You may access these documents on the SEC website at www.sec.gov as follows (or if such address has changed, by
reviewing our filings for the relevant date on the SEC website):
Product supplement no. 4-I dated April 13, 2023:
http://www.sec.gov/Archives/edgar/data/19617/000121390023029539/ea152803_424b2.pdf
Underlying supplement no. 1-I dated April 13, 2023:
http://www.sec.gov/Archives/edgar/data/19617/000121390023029543/ea151873_424b2.pdf
Prospectus supplement and prospectus, each dated April 13, 2023:
http://www.sec.gov/Archives/edgar/data/19617/000095010323005751/crt_dp192097-424b2.pdf
Prospectus addendum dated June 3, 2024:
http://www.sec.gov/Archives/edgar/data/1665650/000095010324007599/dp211753_424b3.htm
Our Central Index Key, or CIK, on the SEC website is 1665650, and JPMorgan Chase & Co.’s CIK is 19617. As used in this pricing
supplement, “we,” “us” and “our” refer to JPMorgan Financial.

FAQ

What are the key dates for AMJB structured Review Notes?

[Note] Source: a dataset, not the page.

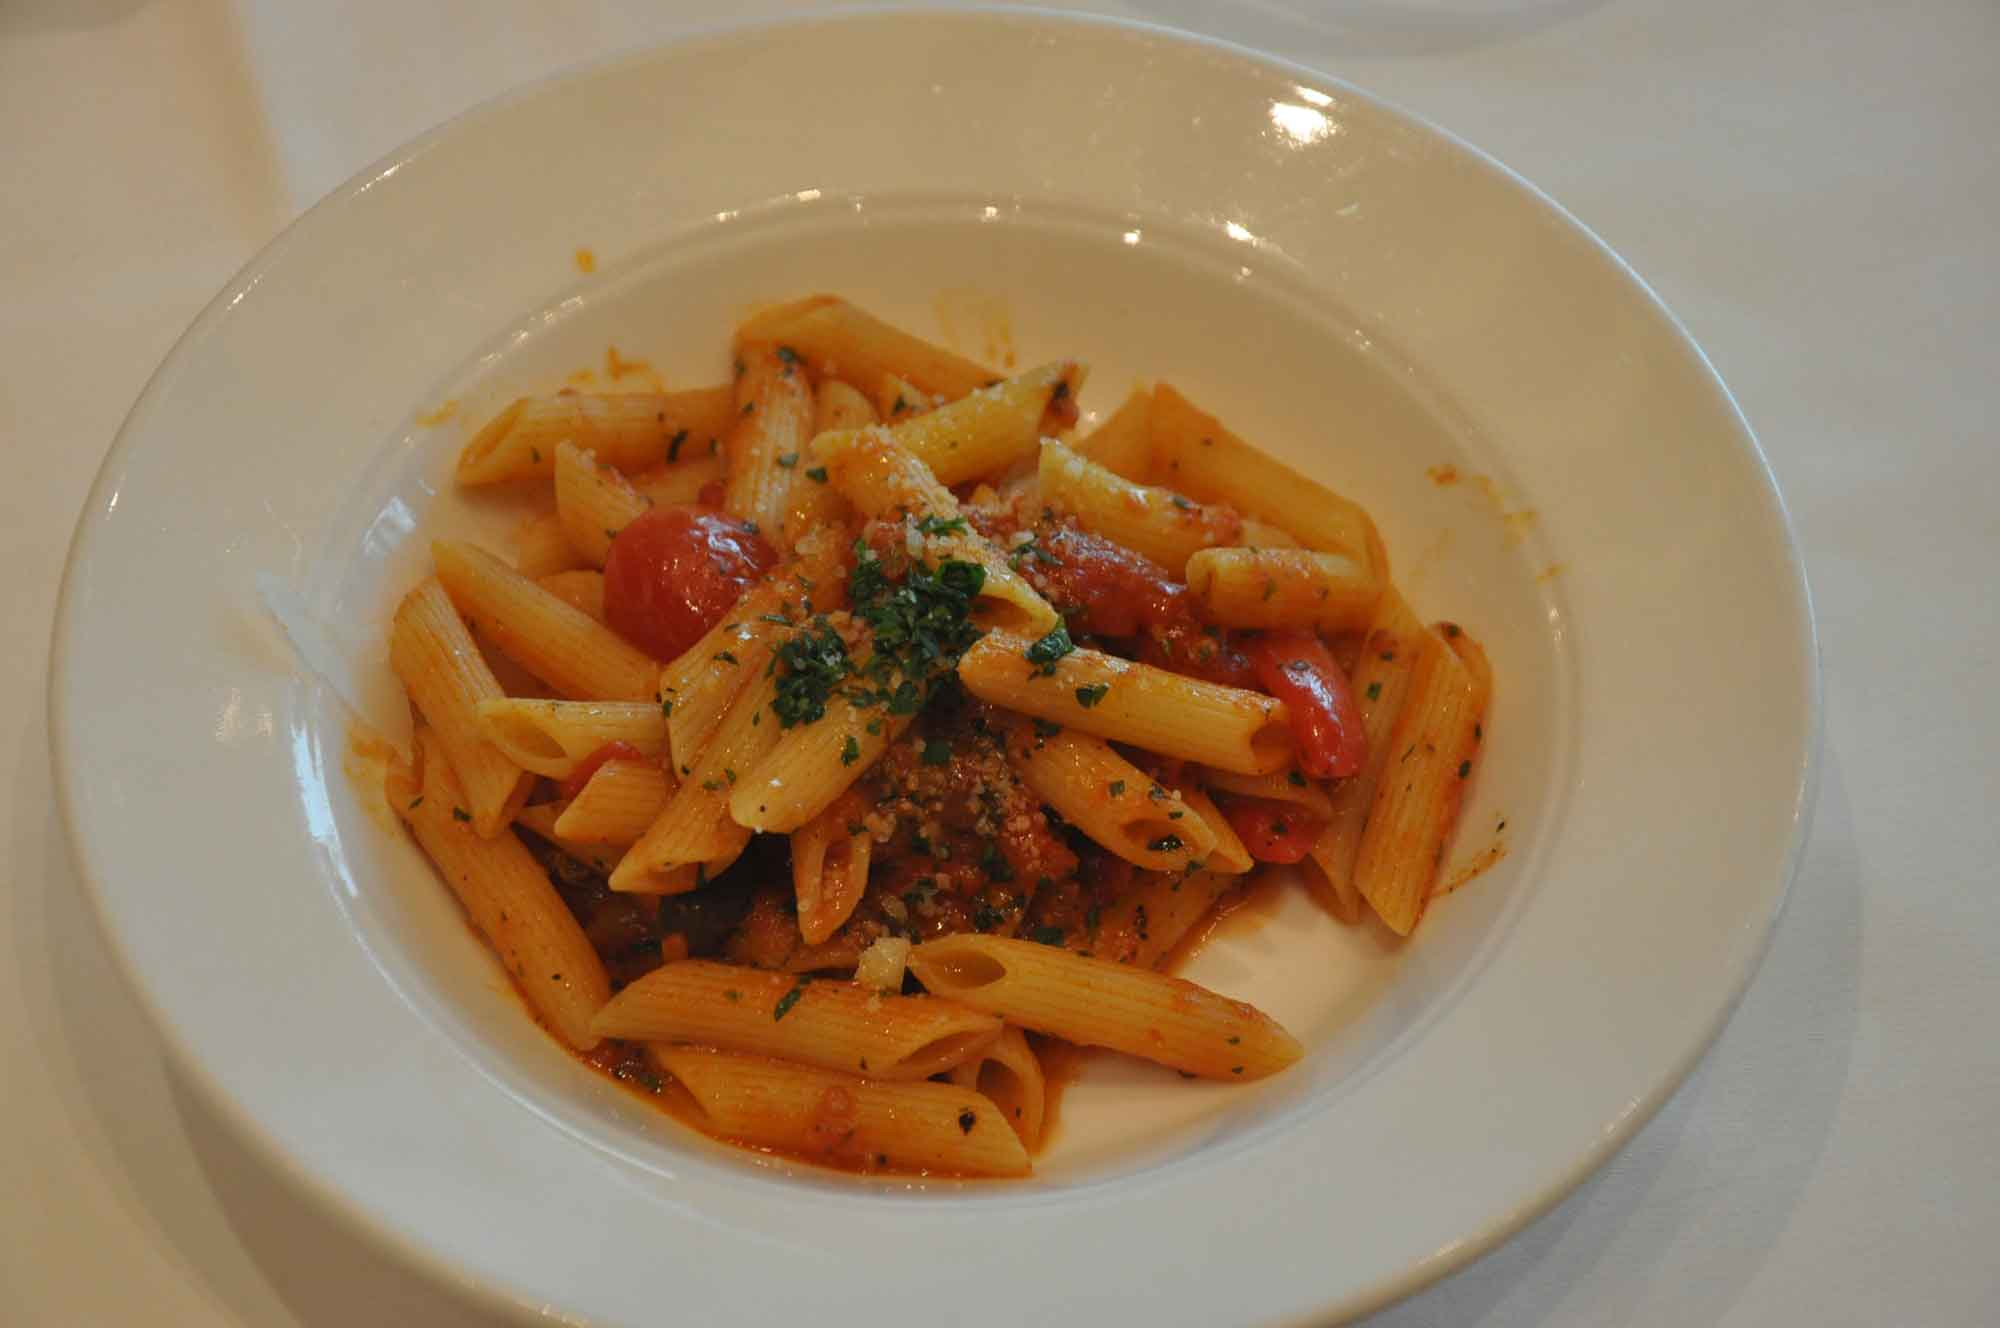 Portofino Macau plate of pasta

The notes are expected to price on or about March 6, 2026, settle on or about March 11, 2026, and mature on March 11, 2031. Automatic-call review dates begin on March 11, 2027 and continue periodically through the final Review Date March 6, 2031.

How does the automatic call work for AMJB notes?

If on any Review Date the closing price of one share of each Fund is at or above its Call Value (100% of Initial Value), the notes are automatically called and pay $1,000 plus the applicable Call Premium Amount on the Call Settlement Date for that Review Date.

What determines payment at maturity for AMJB notes?

If the notes are not called, and the Final Value of each Fund is at or above the Barrier Amount (50.00% of Initial Value), you receive $1,000. If either Fund’s Final Value is below the Barrier, maturity equals $1,000 + ($1,000 × Lesser Performing Fund Return).

What are the downside risks for AMJB notes?

If the Lesser Performing Fund’s Final Value falls below the Barrier, investors can lose more than 50.00% of principal and could lose all principal. The notes do not pay interest and expose holders to issuer credit and limited liquidity risks.

What estimated value and fees are disclosed for the notes?

The pricing supplement states an estimated value of approximately $893.70 per $1,000 if priced today and that estimated value will not be less than $880.00 per $1,000; selling commissions will not exceed $41.25 per $1,000.